彼女の着たワンピースは見たことが無いし、家にも見覚えが無いから誰かが貸した物なのだろうか?
そう思いつつ少女を見ていると、両手を広げた。……何だ?
「きたよ、ますたぁ。だから、ぎゅーってして」
「え、あ……ああ……」
言われるがまま、俺は両手を広げる少女を抱き締めた。……って、どうしてこうなってるんだ?
心から困惑してる俺だが、抱き締められる少女は凄く嬉しそうに目を細めている。
正直混乱し過ぎて何も言えない。……だけど、何でだろうか? この子を抱き締めていると、すごく……安心する。

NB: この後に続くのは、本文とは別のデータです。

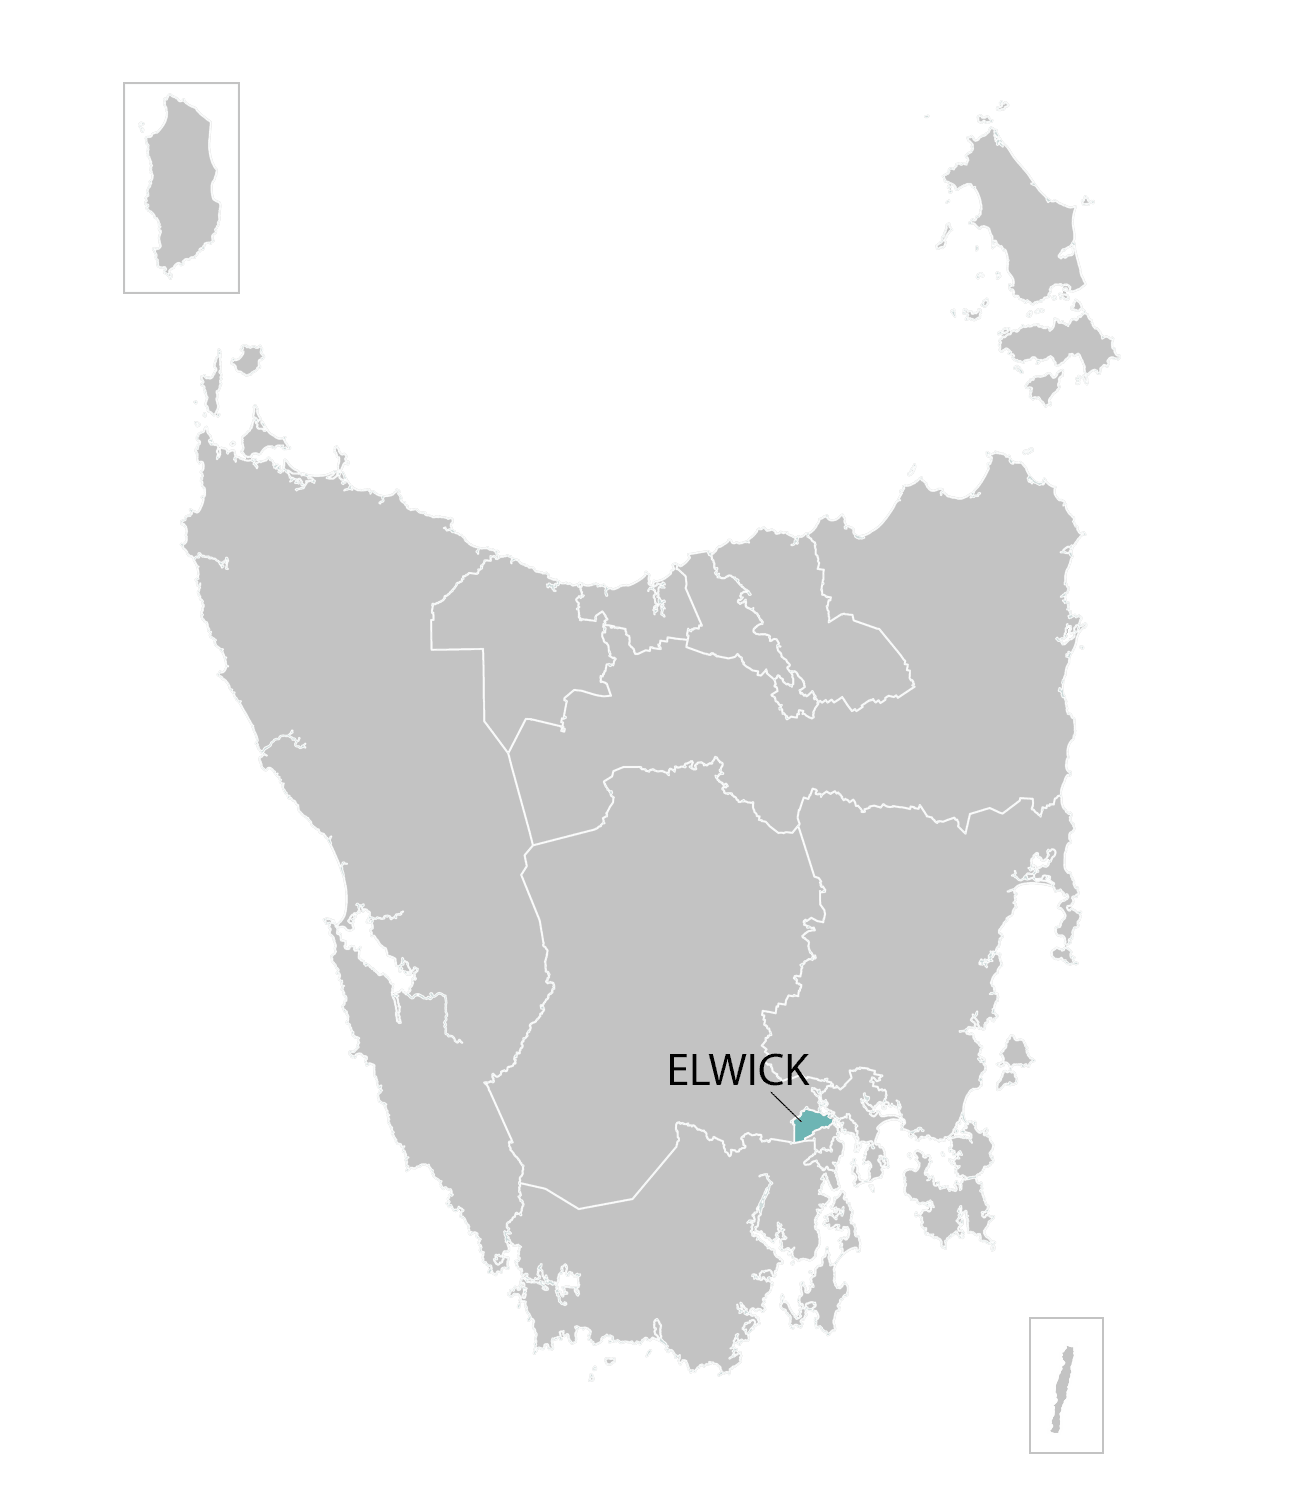 Elwick division highlighted on illustrated map of Tasmania

「ますたぁがぎゅーってしてくれた。ますたぁがぎゅーって……♪」
安心する。この子の笑顔が、俺を見つめる銀色の瞳が……。
力を入れると簡単に折れそうな腰つき、柔らかい体。
だけどまるで、元からあったかのように俺の腕にピッタリと収まる。
……この子をこのままベッドの押し倒したとしても、文句は言わないんじゃないだろうか。
「っ!? な、何を考えてるんだ俺は!!」
「ますたぁ?」
浮かんでしまった感情を振り払うように頭をブンブン振ると、胸の中の少女が俺を見つめた。
と、とりあえず……離れよう。
「あ……」
自分に喝を入れてなんとか少女の体から腕を放すと、少女が寂しそうな声を上げ……つい、腕を戻しそうになったがなんとか堪える。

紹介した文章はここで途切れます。